Starting from the line with "Top 10 mẫu ghế", please copy exactly every line to the end of the listing, but not the pictures.

── Data below ──

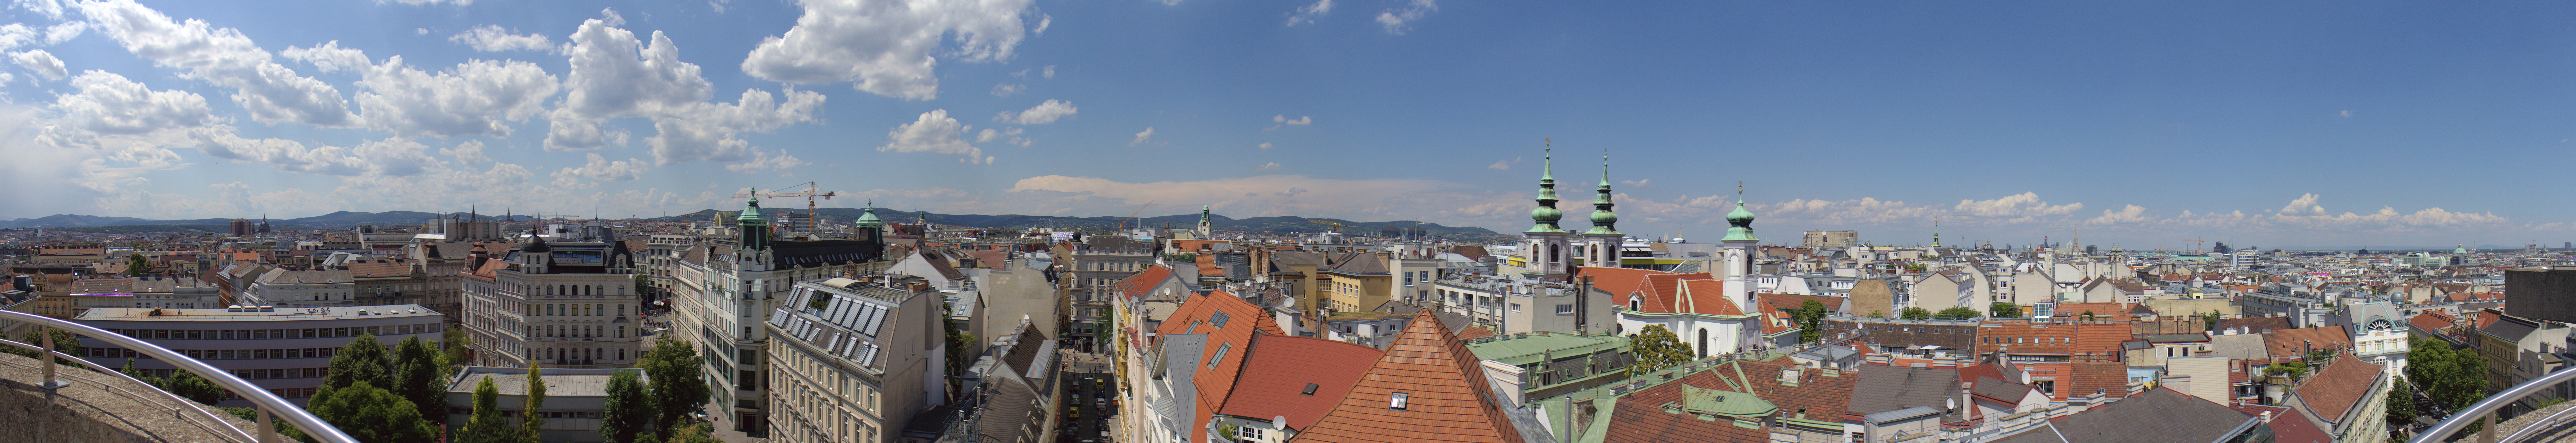 File:Vienna Panorama.jpg - Wikimedia Commons
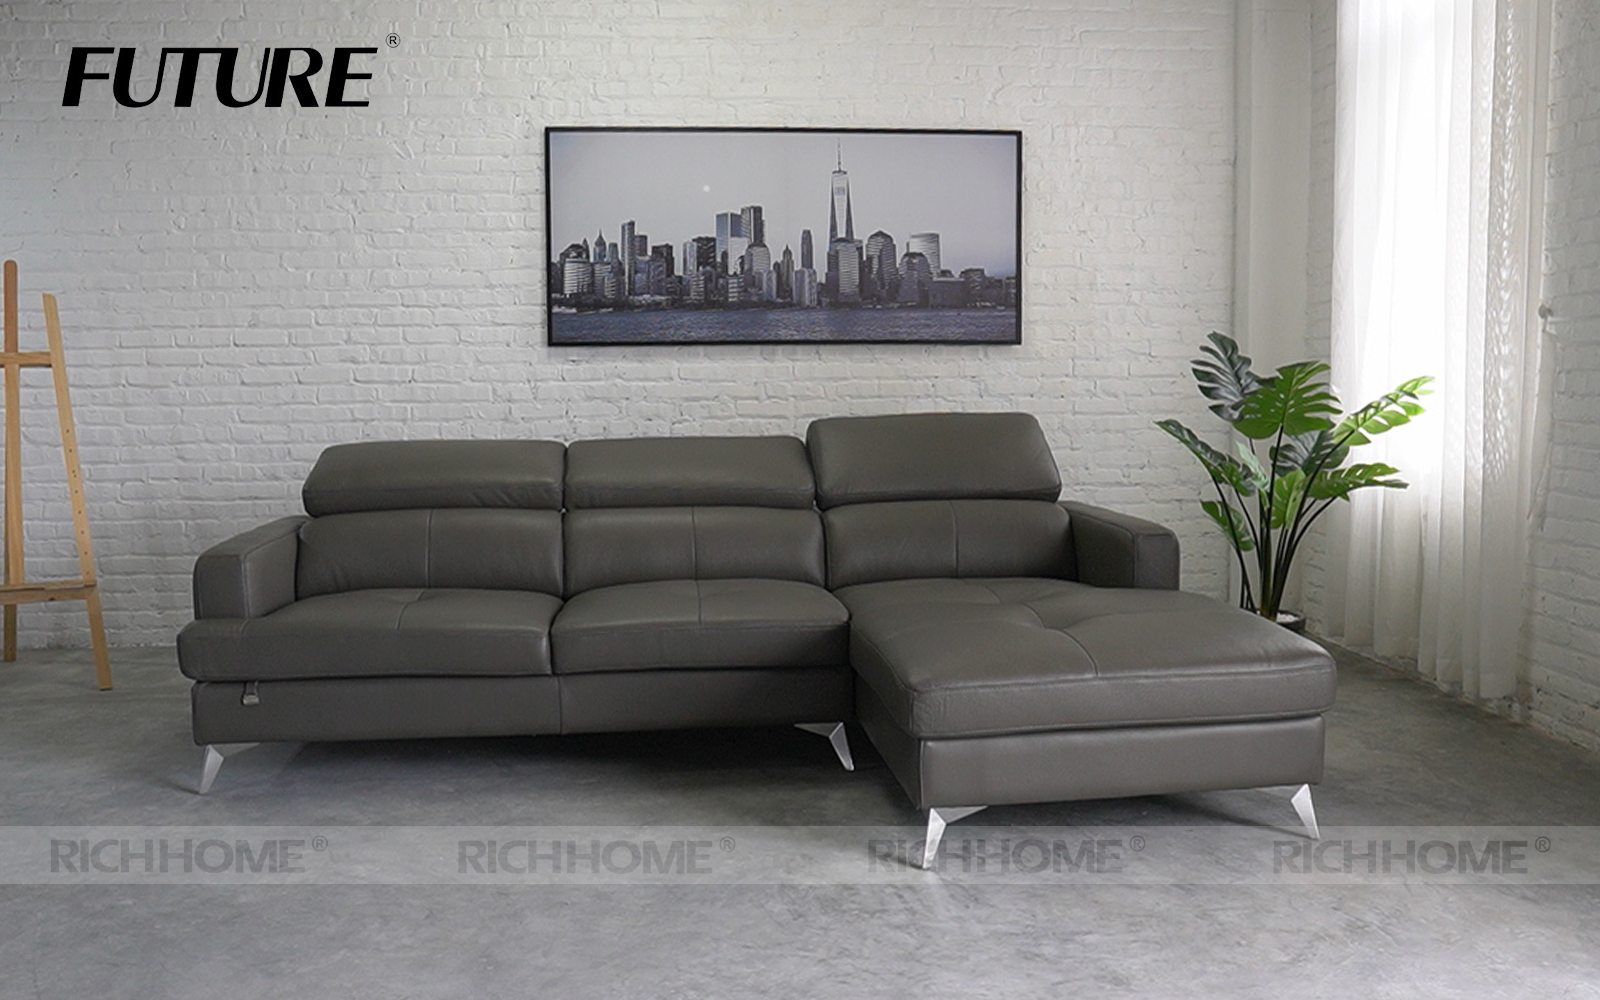 Top 10 mẫu ghế sofa màu xám lông chuột cho phòng khách hiện đại - Ảnh 3
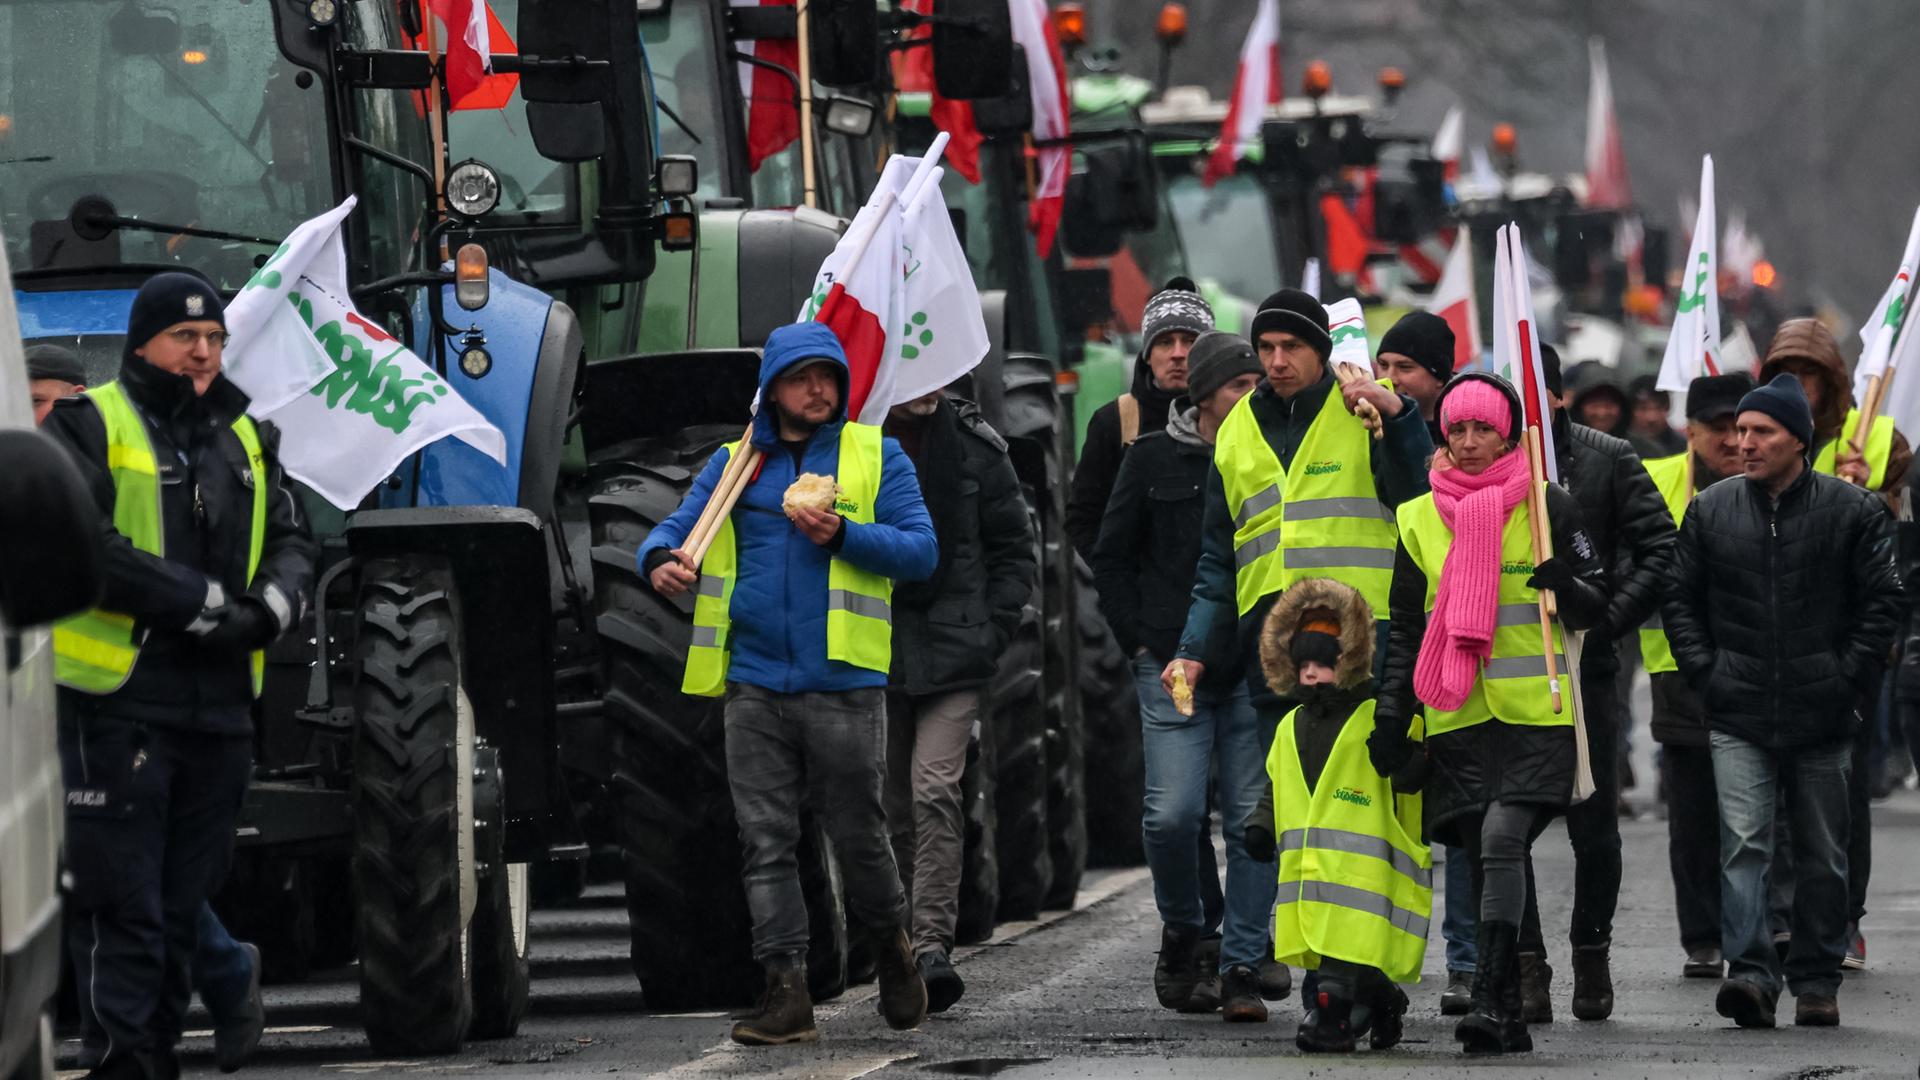 Bauern in gelben Warnwesten und mit Protestflaggen laufen an geparkten Traktoren vorbei.

───

Answer for the task:
 Top 10 mẫu ghế sofa màu xám lông chuột cho phòng khách hiện đại - Ảnh 3
 Bauern in gelben Warnwesten und mit Protestflaggen laufen an geparkten Traktoren vorbei.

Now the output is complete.